I have tried several things ....

我已经尝试了几件事......

Attempting to solve this problem by "trying things" is the wrong approach.

试图通过“尝试”来解决这个问题是错误的方法。

The correct approach is to understandwhat is going on, and then modify your solution to take this into account.

正确的方法是了解正在发生的事情，然后修改您的解决方案以将其考虑在内。

The problem you have is that you have a line of input that couldbe either a number or the special value ewhich means quit. (And in fact, it could be a couple of other things too ... but I will come to that.)
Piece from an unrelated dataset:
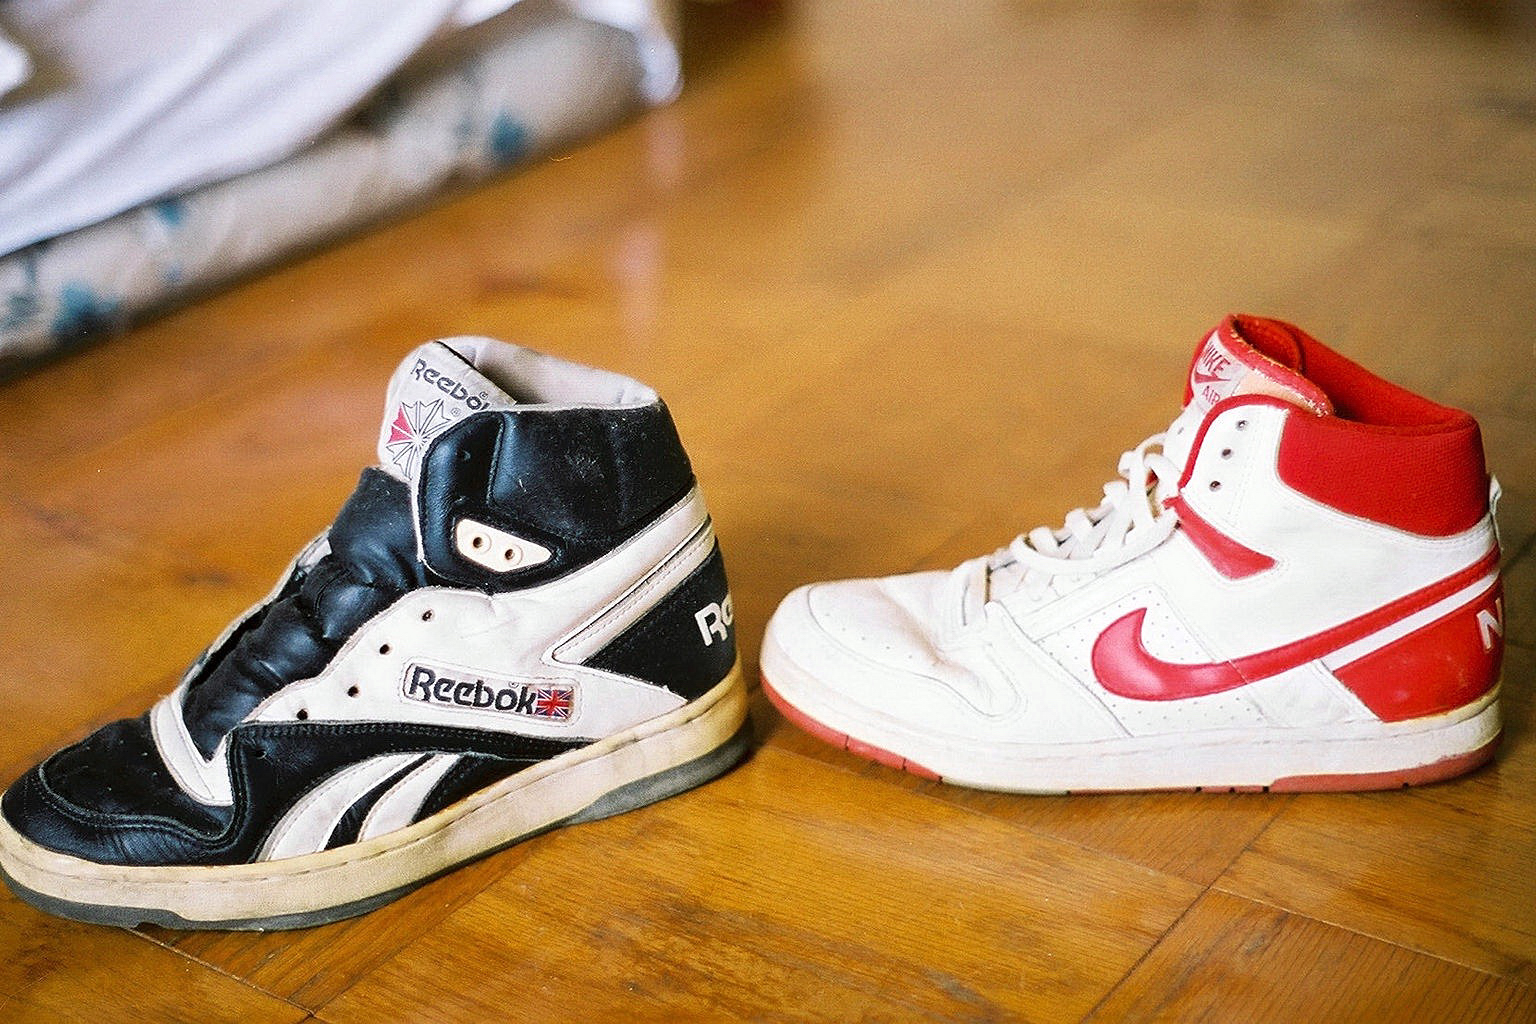 old reebok basketball shoes

您遇到的问题是您有一行输入，它可以是数字或e表示退出的特殊值。（事实上​​，它也可能是其他一些事情......但我会谈到这一点。）

When you attempt to either:

当您尝试执行以下任一操作时：

• call Scanner.nextInt()when the next input is not an integer, OR

• call Integer.parseInt(...)on a String that is not an integer

• Scanner.nextInt()当下一个输入不是整数时调用，或

• 调用Integer.parseInt(...)不是整数的字符串

you will get an exception. So what do you do?

你会得到一个例外。所以你会怎么做？

One way is to change what you are doing so that you don't make those calls in those situations. For example:

一种方法是改变你正在做的事情，这样你就不会在这些情况下拨打这些电话。例如：

• call Scanner.hasInt()to see if the next token is an integer before calling nextInt(), or

• test for the "e"case before you attempt to convert the String to an integer.

• 打电话Scanner.hasInt()，看看如果下一个标记是在调用前一个整数nextInt()，或者

• "e"在尝试将 String 转换为整数之前测试案例。

Another way to deal with this is to catchthe exception. For example, you could do something like this:

处理此问题的另一种方法是捕获异常。例如，您可以执行以下操作：

    String s = ...
    try {
        number = Integer.parseInt(s);
    } catch (NumberFormatException ex) {
        if (s.equals("e")) {
            ...
        }
    }

Either way will work, but I'm going to leave you to work out the details.

无论哪种方式都可以，但我要让你去解决细节。

But the real point I'm trying to make is that the right way to solve this is to understand what is happening in your original version / versions, and based on your understanding, modify what you were doing. If you just randomly "try" alternatives that you found with Google, you won't progress to the point of being a productive programmer.

但我想表达的真正观点是，解决这个问题的正确方法是了解您的原始版本/版本中发生了什么，并根据您的理解修改您正在做的事情。如果您只是随意地“尝试”您在 Google 上找到的替代方案，那么您将不会进步到成为一名高效程序员的地步。

I said there were other cases. They are:

我说还有其他情况。他们是：

• The user types something that is neither a number of your special echaracter. It could be anything. An empty line, hi mum...

• The user types the "end of file" character; e.g. CTRL-Don Linux or CTRL-Zon windows.

• 用户键入的内容既不是您的特殊e字符的数字。它可以是任何东西。一个空行，hi mum...

• 用户键入“文件结束”字符；例如CTRL-D在 Linux 或CTRL-ZWindows 上。

If you want your program to be robust you need to deal with these cases too.

如果您希望您的程序健壮，您也需要处理这些情况。